3. Infine, quando il processo pensante “va da un punto all’altro tracciando una linea”, abbiamo
la meditazione: compiamo un percorso che “media” vari contenuti del pensiero collegandoli
tra di loro. I queste tre qualifiche date da Omero a Penelope, nell’esperienza stessa delle
parole greche, sono espressi i tre modi fondamentali di pensare6”.

4
Pietro Archiati, op.cit., p.42.
5
Qui sicuramente l’autore voleva intendere “avere il pensare”.
6
Pietro Archiati, op.cit., pp. 53-54.
Itaca
Ithàke, teca dell’io.

“…cioè il corpo fisico quale scrigno dello spirito umano individuale.

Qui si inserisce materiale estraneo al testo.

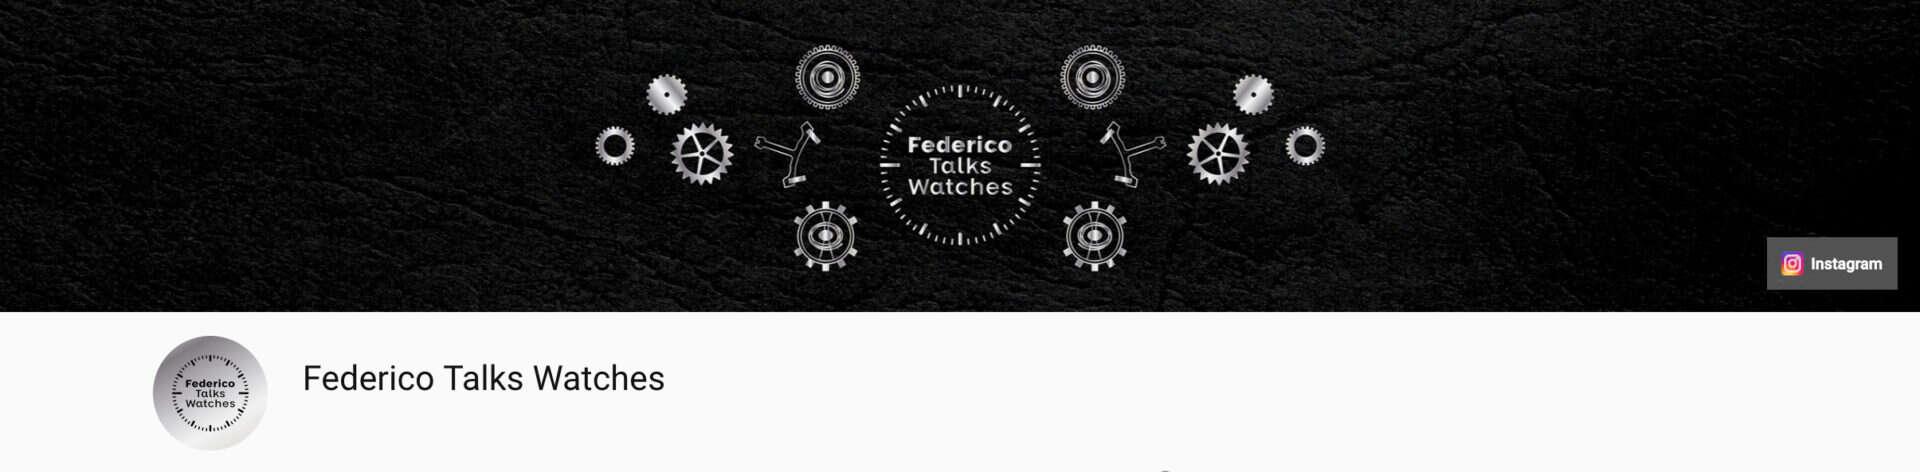 yt federico talks watches

La vocale I esprime , e non
solo nella lingua greca, l’esperienza oggettiva del raggio di luce dell’Io in posizione eretta. Di
esempi ne potremmo addurre molti: ìdios, il singolo; ìos , la freccia, ìos, uno; ìstemi, sto in
posizione eretta, mi ergo; istos, albero maestro; iscus, forza che oppone resistenza. […..] Itaca non è
in primo luogo una data isola del Mediterraneo, ma è il corpo umano, nel quale ciascuno di noi si
isola, appunto, da tutti gli altri esseri. É la patria dell’uomo che abita il suo corpo come spirito
individuale. Non più l’umanità, non più la stirpe, non più il popolo sono i miei confini, si dice
l’uomo Ulisse, ma il mio corpo: lì approdo alla patria dell’uomo chiamata Itaca, o teca dell’Io7.”

Telemaco
A riprova dell’ipotesi che i personaggi più importanti siano soltanto manifestazioni simboliche
riguardanti il protagonista e la sua dimensione interiore è per esempio l’origine del nome
Telèmachos: che combatte lontano. Il nome del figlio di Ulisse cela un significato ch’è palesemente
riferito al padre. Cosa ancora più interessante e che nei primi quattro libri tutto è incentrato sulla
figura di questo giovane, che ha circa ventuno anni, l’età della prima maturità, aiutato d’Atena sotto
le spoglie di Mentore, suo precettore, si mette in viaggio alla ricerca del padre. Proviamo adesso per
un attimo a rovesciare il punto di vista ed evocare il nome di Telemaco dal cuore di Ulisse. Egli è
sicuramente consapevole che suo figlio starà combattendo lontano contro qualche nemico vista la
sua assenza. Si può osare adducendo a Telemaco una dimensione spirituale alta dell’individuo, che
racchiude in sé anche la sfera della fanciullezza e della gioventù le quali ad un certo punto della vita
di ogni uomo come se risorgendo si mettessero in viaggio alla ricerca di questo padre interiore in
ognuno di noi? Questo padre interiore forse anche per combattere la dimensione più ombrosa,
istintiva, irrazionale dell’uomo, rappresentata dai proci, che tallonano l’anima, Penelope,
chiedendole la fine di una tela, un sudario che deve fare da giaciglio per una figura paterna al
tramonto, che non potrà mai essere degna di chiamarsi tale tant’è che sempre viene sciolta?
Telemaco potrebbe rappresentare, soprattutto in questo momento storico, quella gioventù odierna
che dopo essere stata erede della destrutturazione e detronizzazione dei padri dalle loro figure
autoritarie negli anni settanta e ottanta del secolo scorso, dopo essere stata erede della eccessiva
amicalità dei padri negli anni novanta e duemila ora desidera e necessita di padri accoglienti ma
anche arginanti, autorevoli e non autoritari che rappresentino le regole e aiutino a crescere più
armonicamente in concertazione con la figura materna?

7 Pietro Archiati, op.cit., p. 43-44.